DEBUG_LOG_FILE = os.environ.get("SECURITY_GUIDANCE_DEBUG_LOG") or os.path.join(
state_dir(), "log.txt"
)
# Cap the debug log so parallel-worker fleets don't fill disk. When the active
# file exceeds this it's atomically rotated to <file>.1 (overwriting any prior
# rotation), so total disk stays ~2× this.
DEBUG_LOG_MAX_BYTES = 1 * 1024 * 1024
def debug_log(message):
"""Append debug message to log file with timestamp."""
try:
# Ensure parent dir exists — first hook invocation on a fresh install
# creates ~/.claude/security/ if it isn't already there. 0700 so other
# local users can't read review/debug output (only applies on creation).
try:
os.makedirs(os.path.dirname(DEBUG_LOG_FILE), mode=0o700, exist_ok=True)
except OSError:
pass
try:
if os.path.getsize(DEBUG_LOG_FILE) > DEBUG_LOG_MAX_BYTES:
# os.replace is atomic on POSIX; under a racing fleet the loser
# gets FileNotFoundError, which is fine — the append below
# recreates the file.
os.replace(DEBUG_LOG_FILE, DEBUG_LOG_FILE + ".1")
except OSError:
pass
timestamp = datetime.now().strftime("%Y-%m-%d %H:%M:%S.%f")[:-3]
# 0600 on creation; existing files keep their mode.
fd = os.open(DEBUG_LOG_FILE, os.O_WRONLY | os.O_CREAT | os.O_APPEND, 0o600)

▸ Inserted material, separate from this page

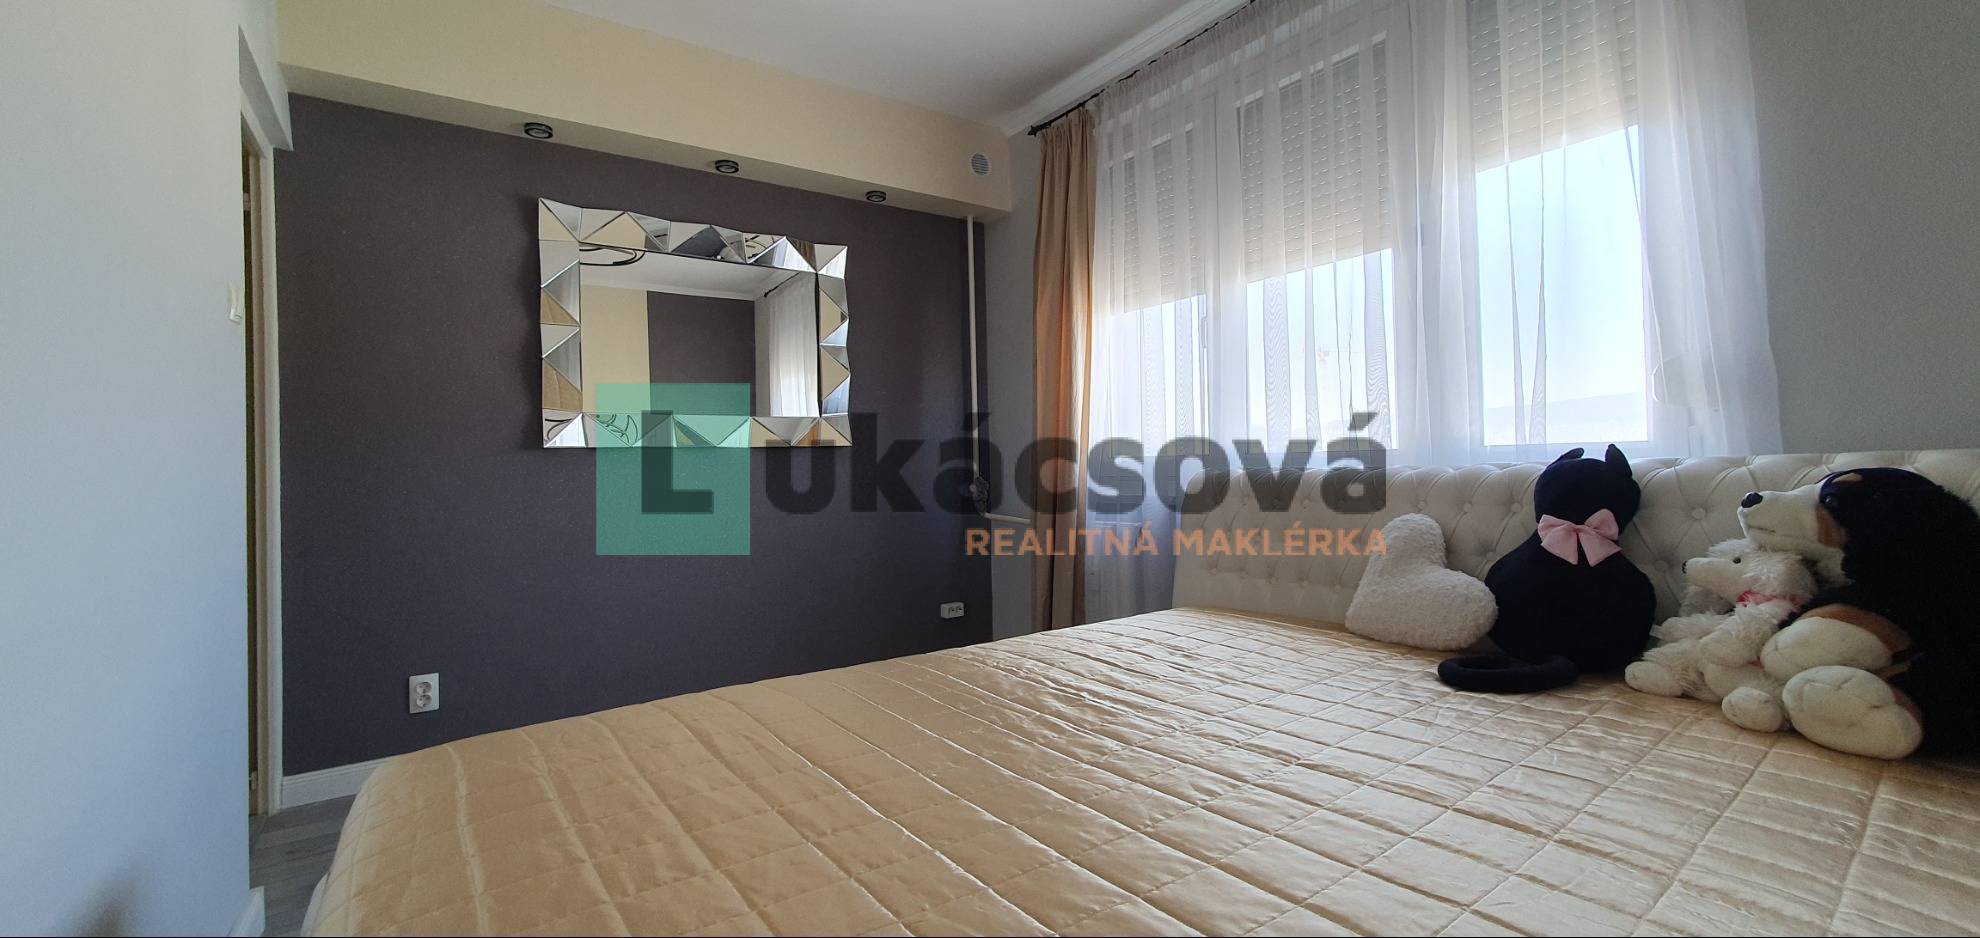 Ponúkam na predaj 2 izbový byt po rekonštrukcii s 4 m2 loggiou v lukratívnej časti Budapesť v XIII. obvode na Vácovej ulici
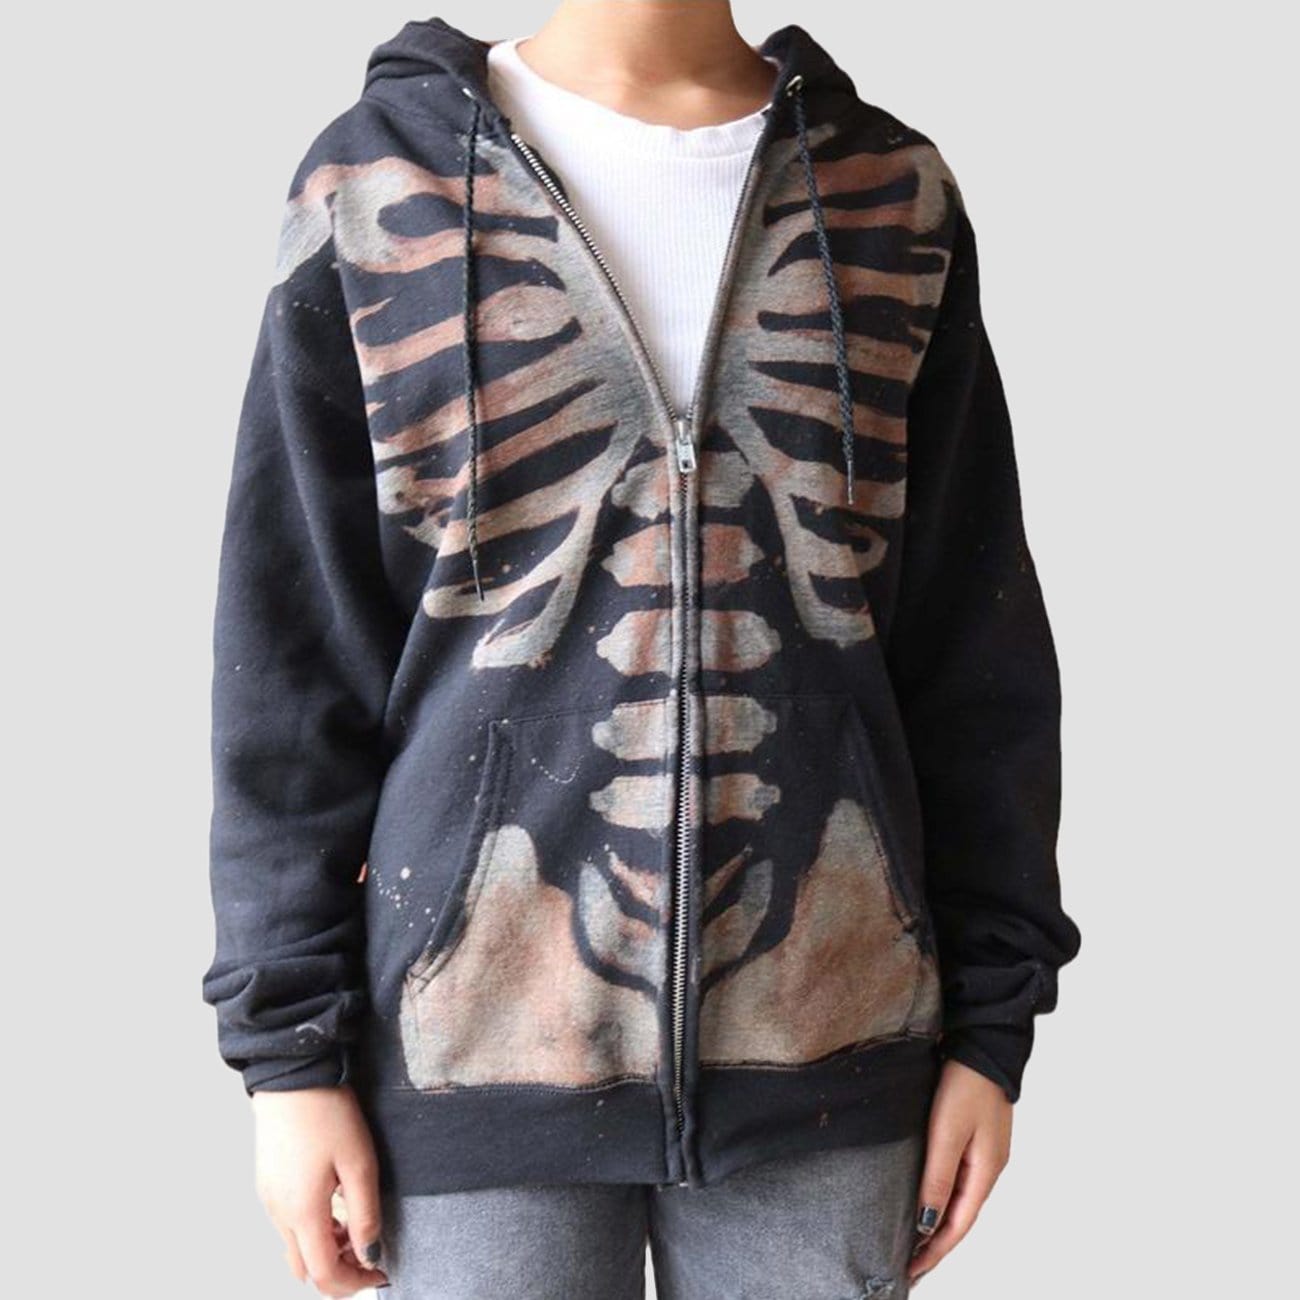 Dark Skeleton Print Hoodie Streetwear Brand Techwear Combat Tactical YUGEN THEORY

with os.fdopen(fd, "a") as f:
f.write(f"[{timestamp}] {message}\n")
except Exception:
pass
# Provenance tag prepended to injected/emitted text so a reader (especially a
# model hardened against prompt injection) can recognize the source. Not an
# authority claim — an attacker could spoof the exact string; the tag is a
# signpost so the agent can ask the operator "is this from your plugin?" with
# a concrete reference instead of treating it as unknown-actor injection.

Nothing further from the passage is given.